I can reproduce the issue easily, if you need more details.


Re: BUG #17406: Segmentation fault on GiST index after 14.2 upgrade

От
Tomas Vondra
Дата:

On 2/15/22 18:32, PG Bug reporting form wrote:
> The following bug has been logged on the website:
> 
> Bug reference:      17406
> Logged by:          Victor Yegorov
> Email address:      vyegorov@gmail.com
> PostgreSQL version: 14.2
> Operating system:   Ubuntu 18.04.6 LTS (bionic)
> Description:
> 
> KVM guest, on Intel(R) Xeon(R) CPU E5-2697 v2.
> 
> PostgreSQL 12.9 had been upgraded to 14.2 using
> 
> pg_upgradecluster -k  -m link 12 main /mnt/postgres/14/
> 
> After that, one of the queries is crashing with Segmentation Fault.
> However, after REINDEX problem will be fixed. I thought I should report
> still.
> 

Hmm. So I guess there are three options:

1) The index was already broken on 12.9, but for some reason (choice of 
a different plan, ...) it was not causing any issues.
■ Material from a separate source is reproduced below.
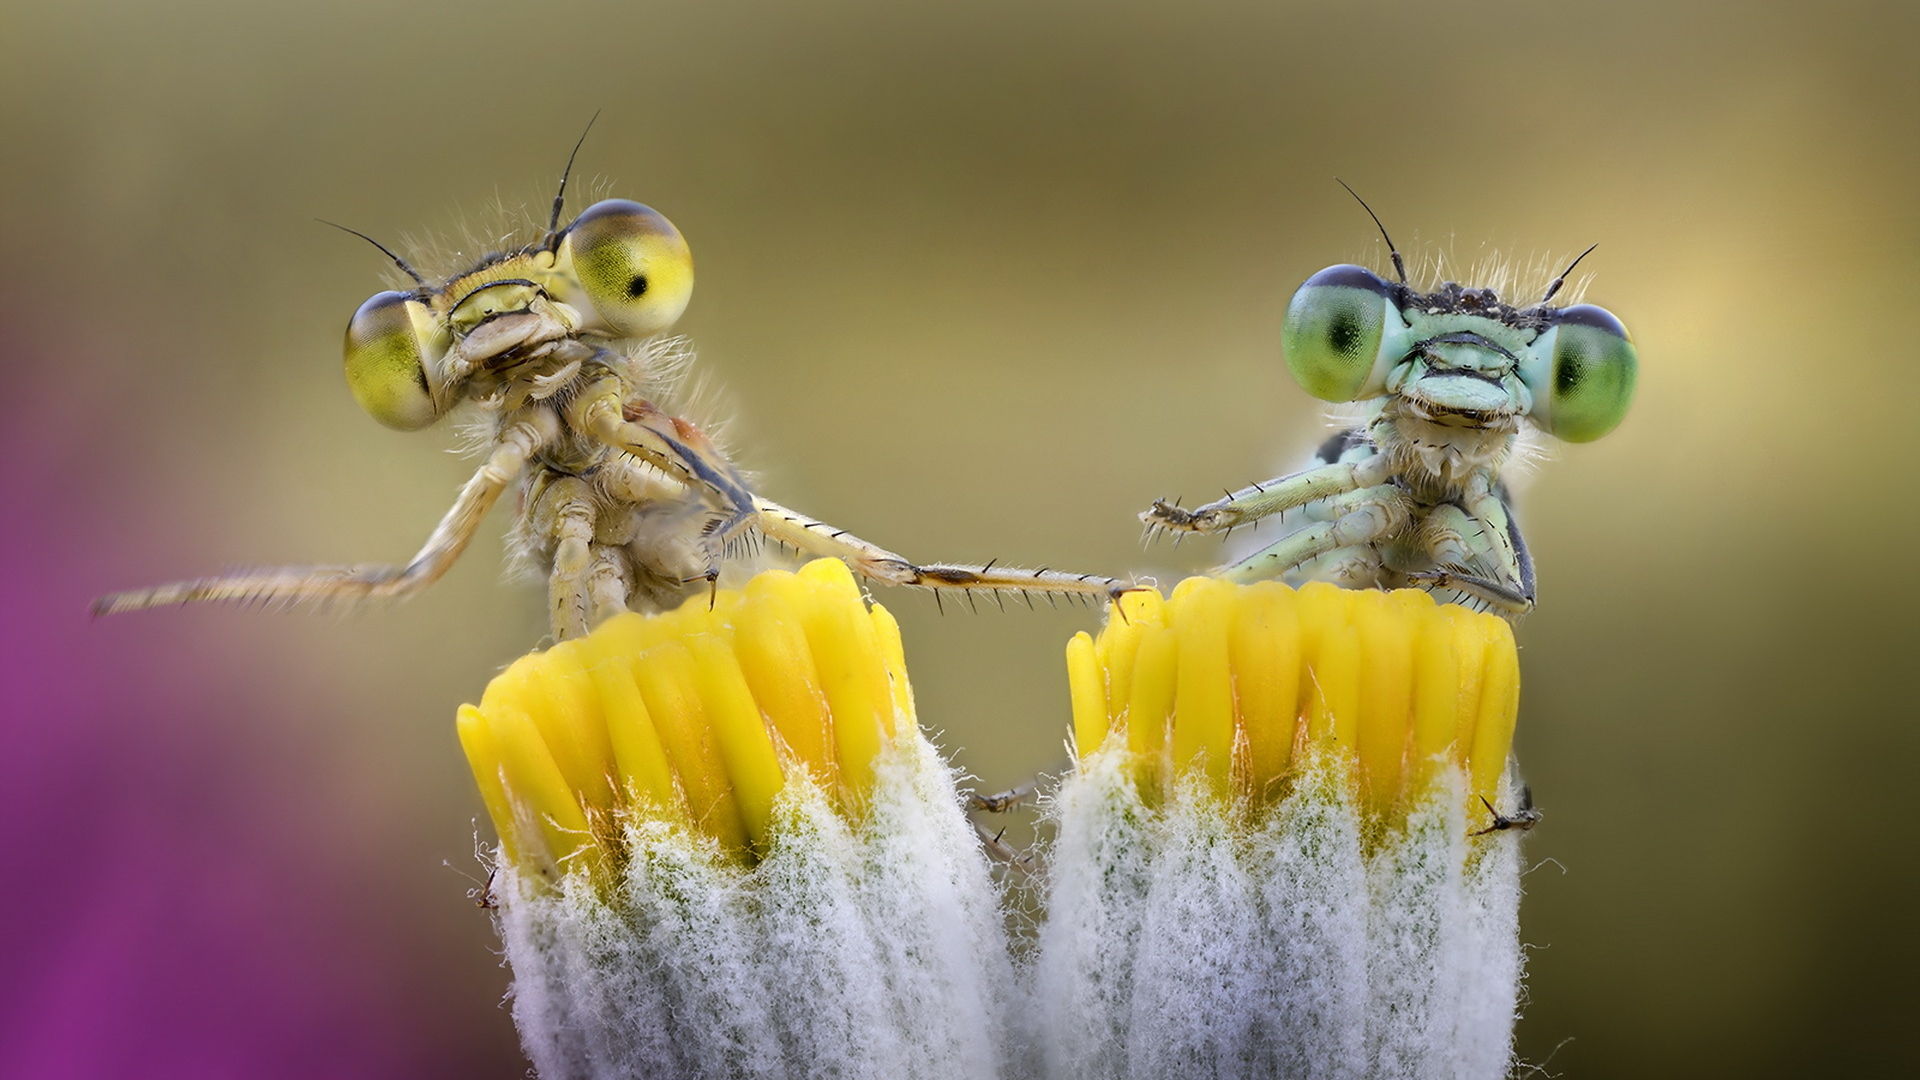 دانلود تصویر حیرت انگیز از دو حشره بر روی گرده های گل
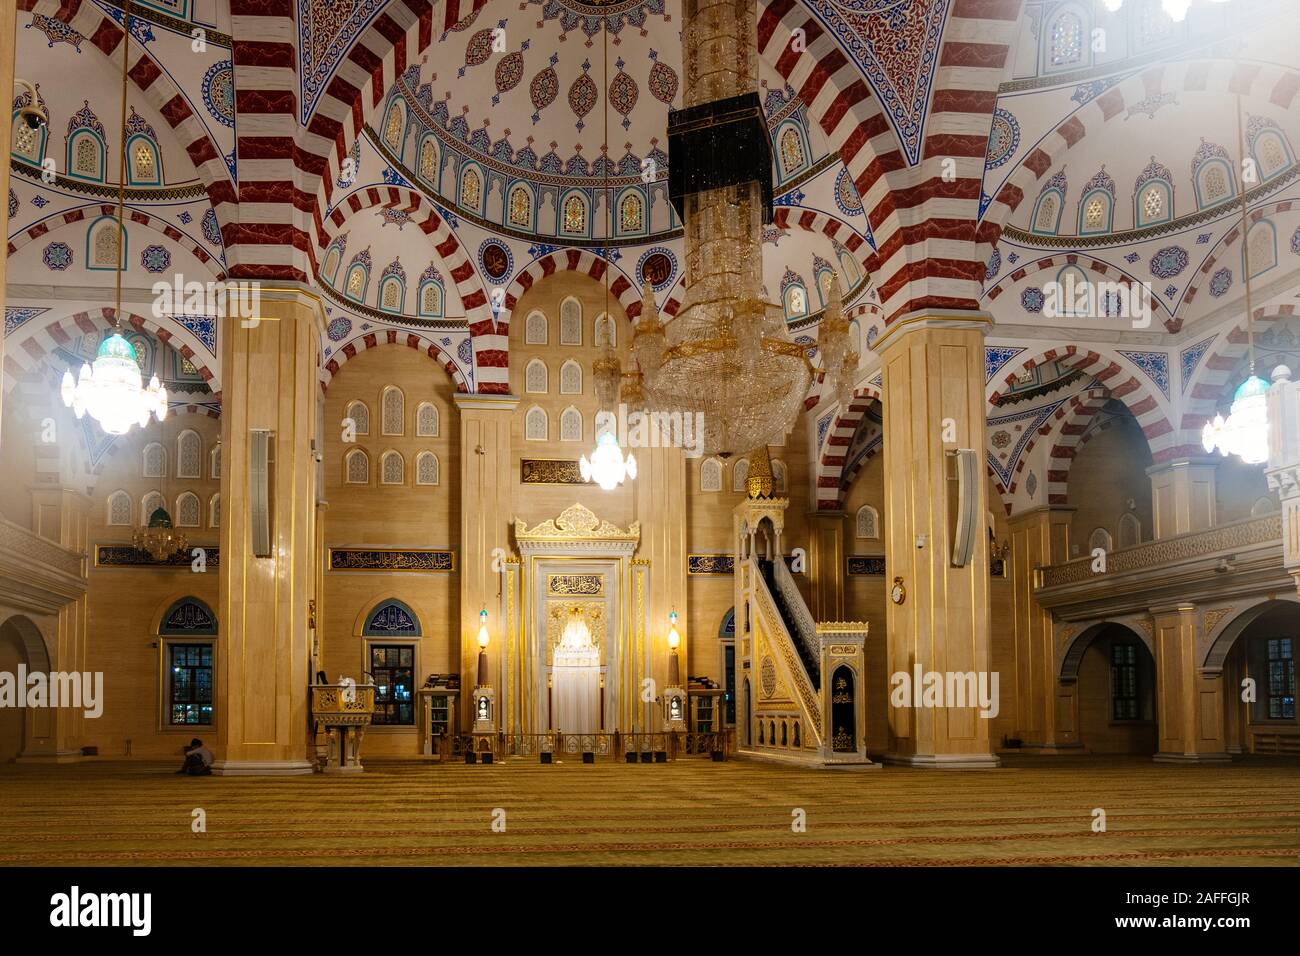 Innenraum von Ahmad Kadyrow Moschee mitten in Tschetschenien Stockfoto

2) The index got broken during/after the upgrade, for some reason.

3) The index is fine, but there's a newly introduced bug in ltree (or 
gist in general).

Hard to say which it is.

How large is the table/index? Are you able to run the query with a 
custom build (without values optimized out)? Any chance you still have a 
backup from before the pg_upgrade, on which you might run the query?

> explain
> SELECT r.id, r.name, r.map_center_y, r.map_center_x,
>         COALESCE ((SELECT string_agg(id::TEXT, ',') FROM v3_region AS r2
> WHERE r2.id != r.id AND r2.ltree_path <@ r.ltree_path), '') AS children
>    FROM v3_region AS r;
>                                                   QUERY PLAN
> -------------------------------------------------------------------------------------------------------------
>   Seq Scan on v3_region r  (cost=0.00..3207.31 rows=349 width=580)
>     SubPlan 1
>       ->  Aggregate  (cost=8.17..8.18 rows=1 width=32)
>             ->  Index Scan using region_ltree_path_idx_gist on v3_region r2
> (cost=0.14..8.16 rows=1 width=4)
>                   Index Cond: (ltree_path <@ r.ltree_path)
>                   Filter: (id <> r.id)
> (6 rows)
> 
> Here is backtrace:
> #0  __memmove_sse2_unaligned_erms () at
> ../sysdeps/x86_64/multiarch/memmove-vec-unaligned-erms.S:435
> #1  0x00007f129244c266 in memcpy (__len=<optimized out>,
> __src=0x55bbbd430f4a, __dest=<optimized out>) at
> /usr/include/x86_64-linux-gnu/bits/string_fortified.h:34
> #2  copy_ltree (src=0x55bbbd430f4a) at
> ./build/../contrib/ltree/ltree_gist.c:446
> #3  0x00007f129244db51 in gist_ischild (siglen=28, query=0x55bbbd410cb8,
> key=0x55bbbd430f18) at ./build/../contrib/ltree/ltree_gist.c:454

Interesting. Too bad the memcpy() parameters are optimized out. But 
clearly src is not NULL, so perhas something is wrong with the dst pointer?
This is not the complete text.